__Directions__
Print all of the data below exactly as it appears, leaving out every image.

__Source material__
════

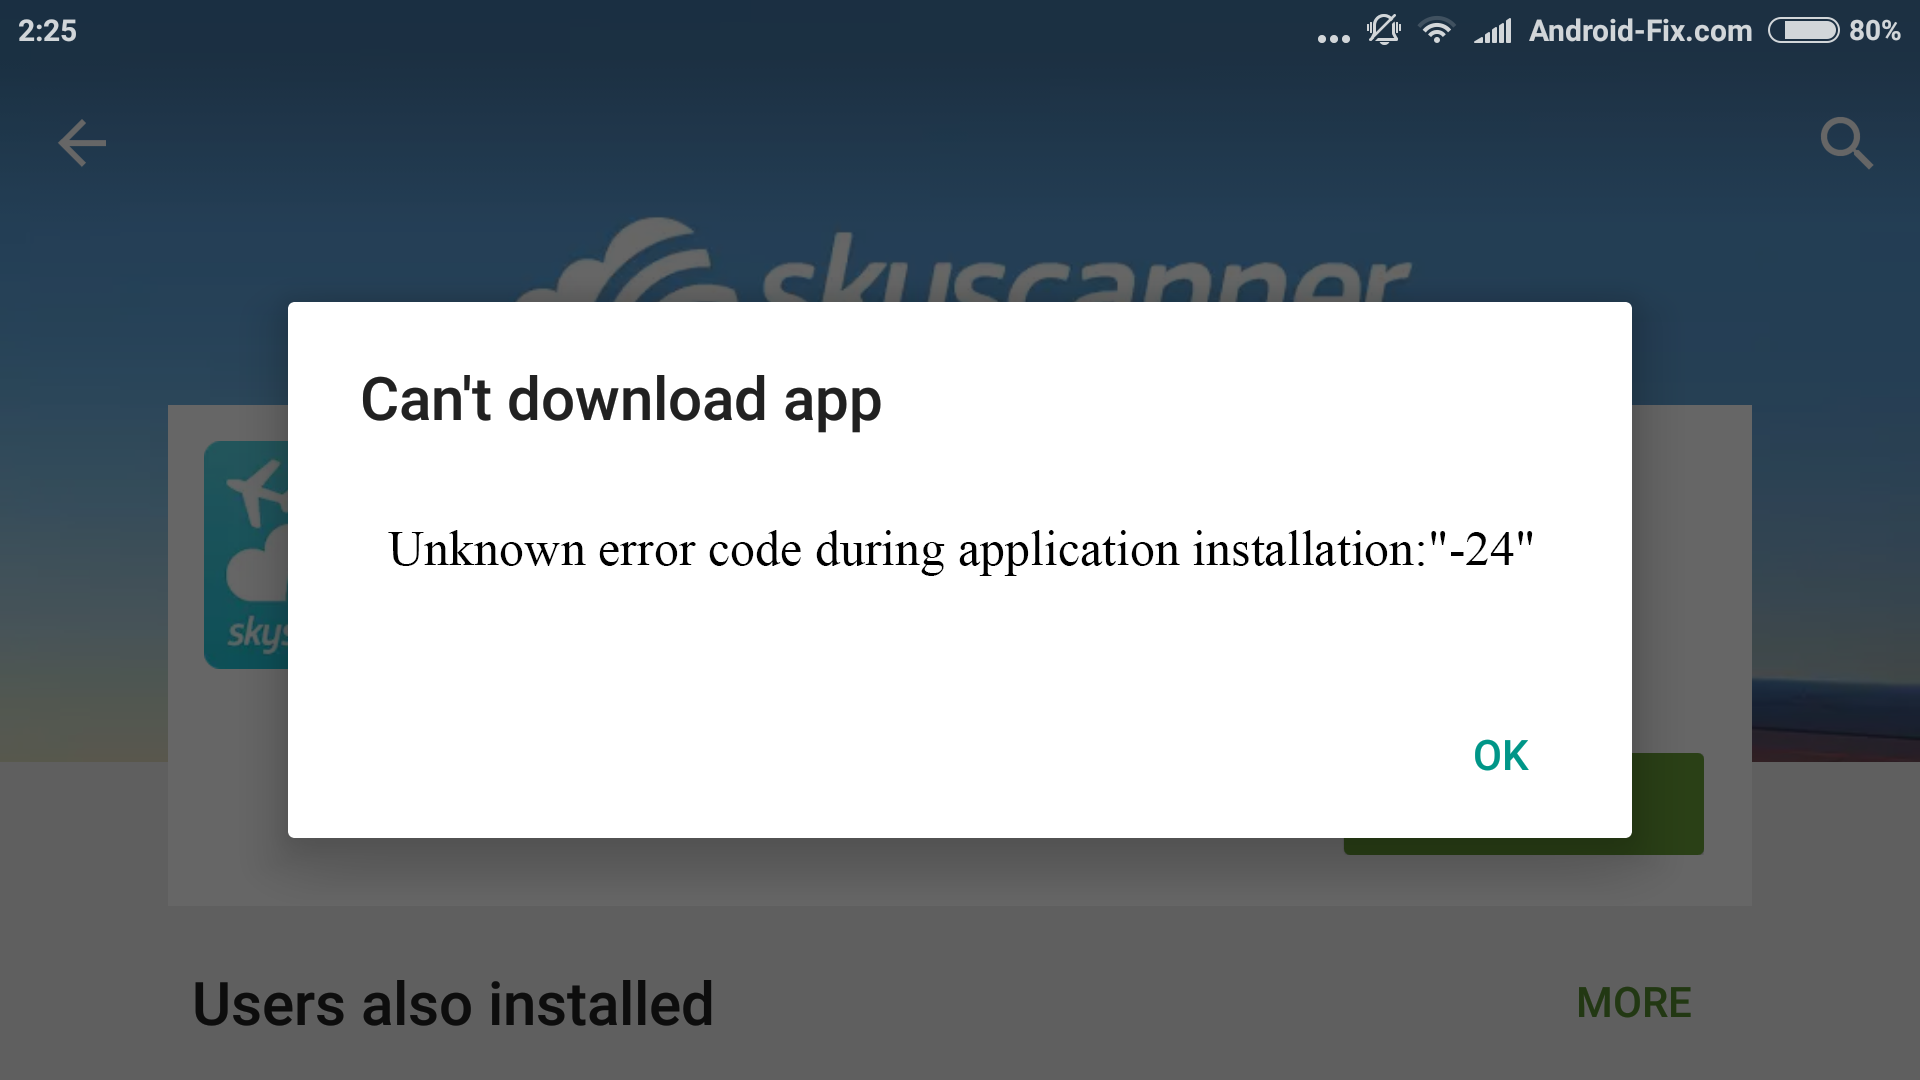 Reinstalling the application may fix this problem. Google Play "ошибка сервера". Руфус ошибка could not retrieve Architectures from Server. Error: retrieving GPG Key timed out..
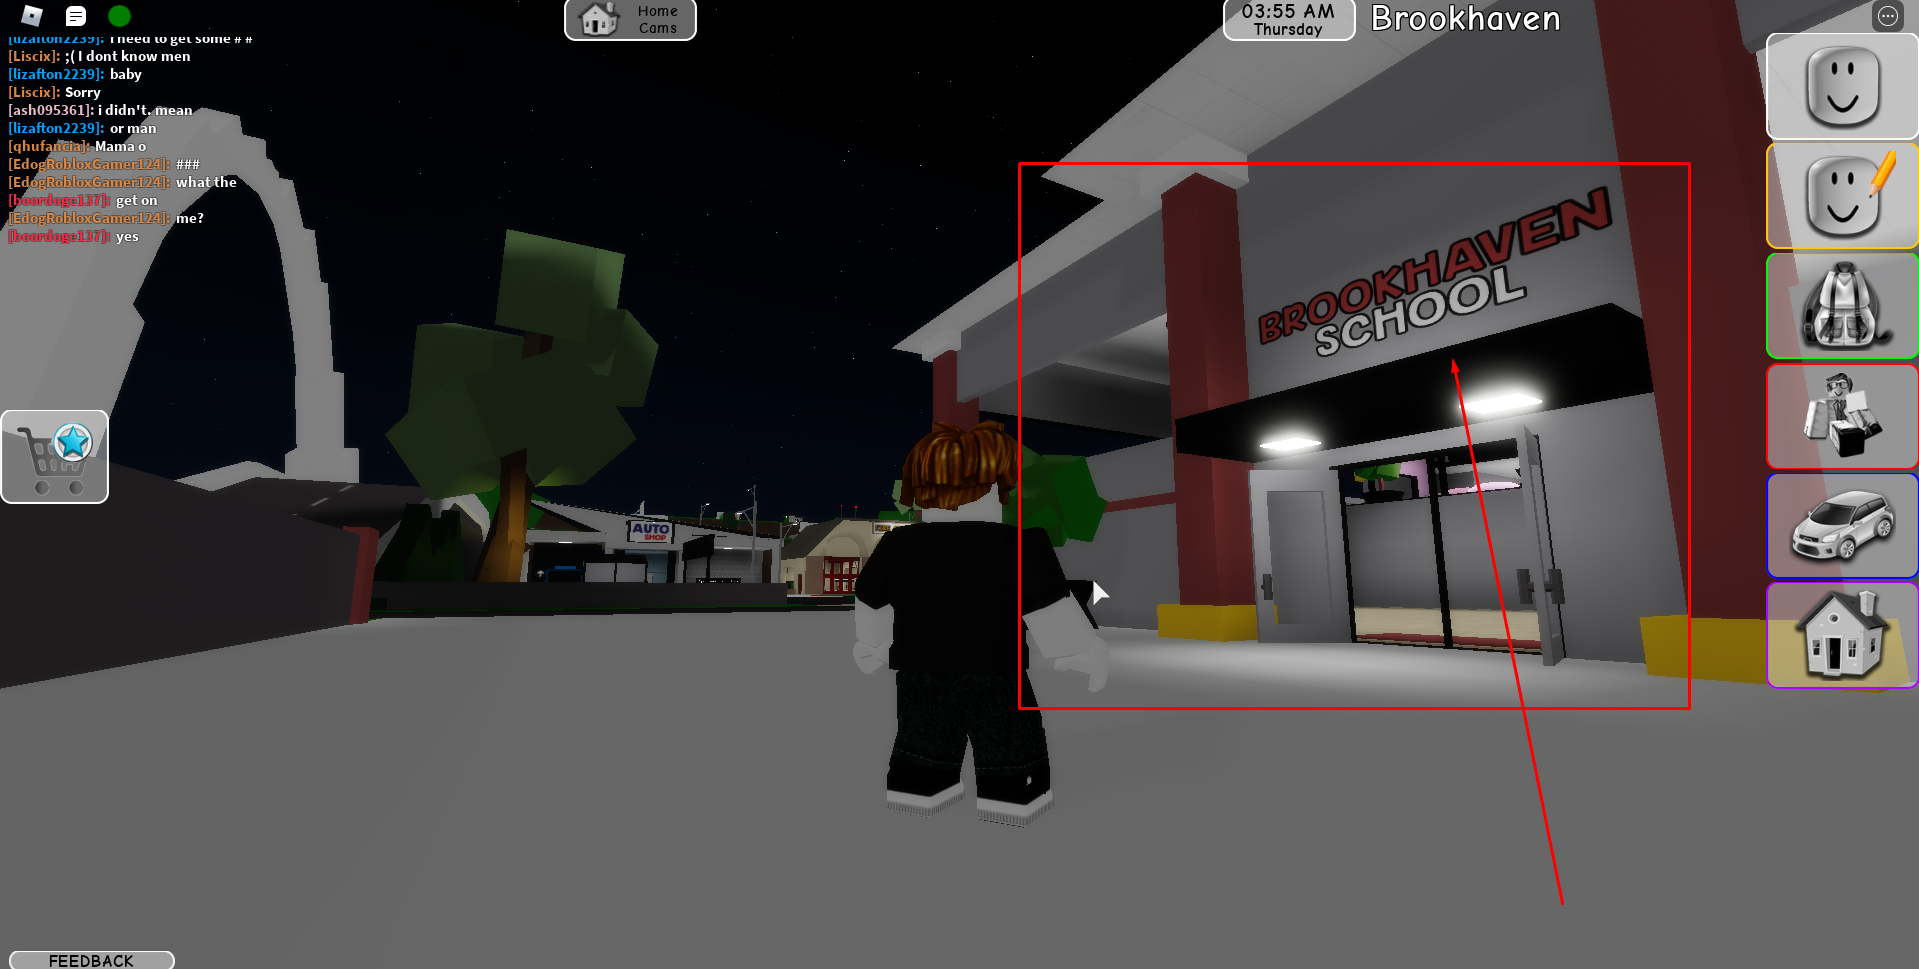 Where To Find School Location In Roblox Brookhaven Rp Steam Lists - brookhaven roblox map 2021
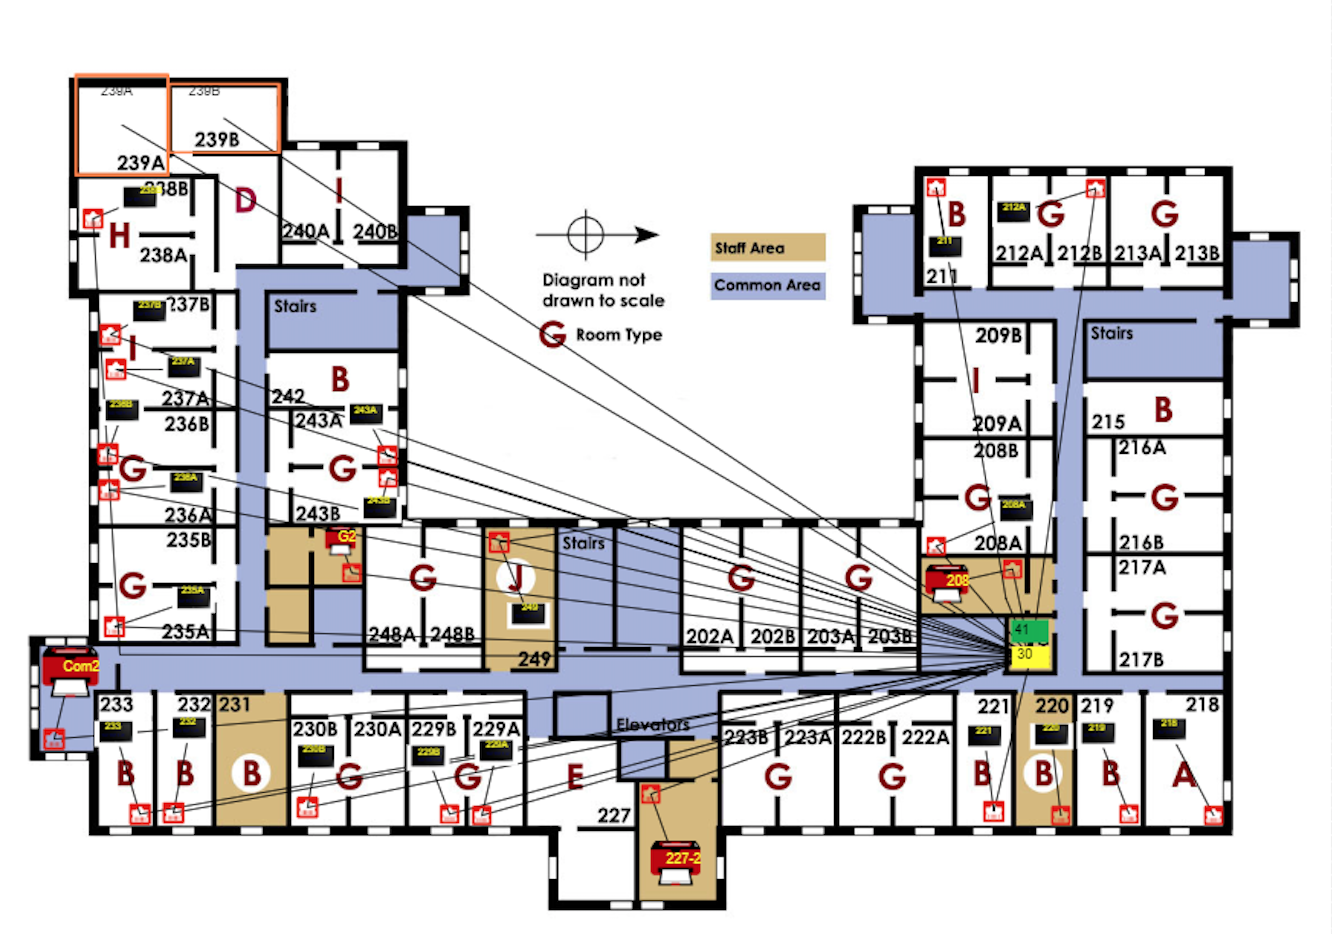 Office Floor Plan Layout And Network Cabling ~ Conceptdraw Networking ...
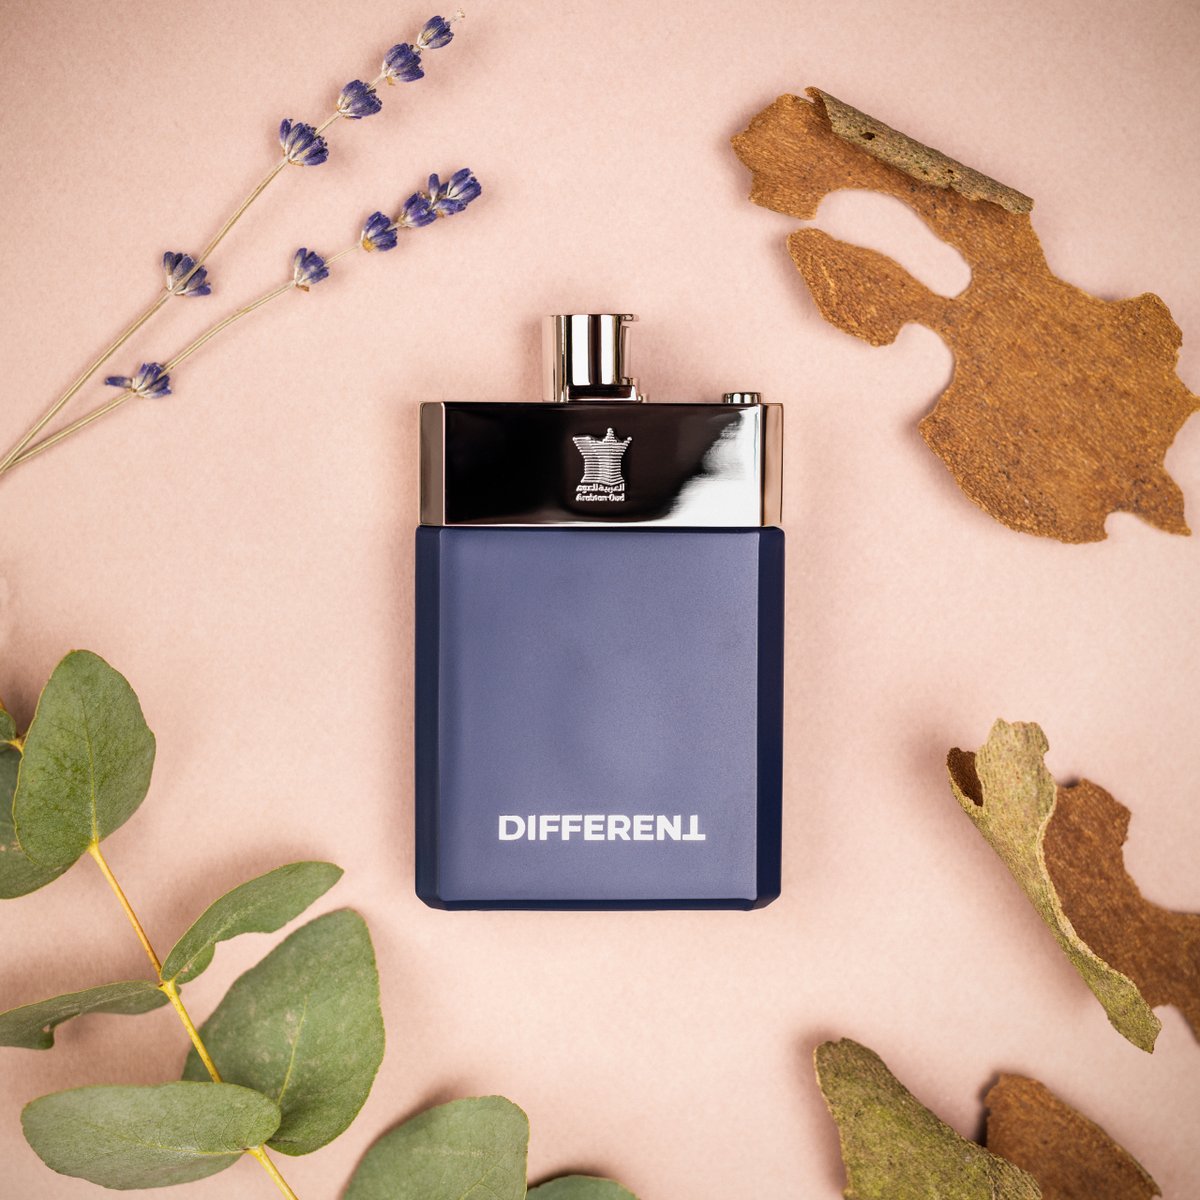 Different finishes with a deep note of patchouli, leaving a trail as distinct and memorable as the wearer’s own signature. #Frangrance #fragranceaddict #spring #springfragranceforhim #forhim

════

__Finished task__
 Reinstalling the application may fix this problem. Google Play "ошибка сервера". Руфус ошибка could not retrieve Architectures from Server. Error: retrieving GPG Key timed out..
 Where To Find School Location In Roblox Brookhaven Rp Steam Lists - brookhaven roblox map 2021
 Office Floor Plan Layout And Network Cabling ~ Conceptdraw Networking ...
 Different finishes with a deep note of patchouli, leaving a trail as distinct and memorable as the wearer’s own signature. #Frangrance #fragranceaddict #spring #springfragranceforhim #forhim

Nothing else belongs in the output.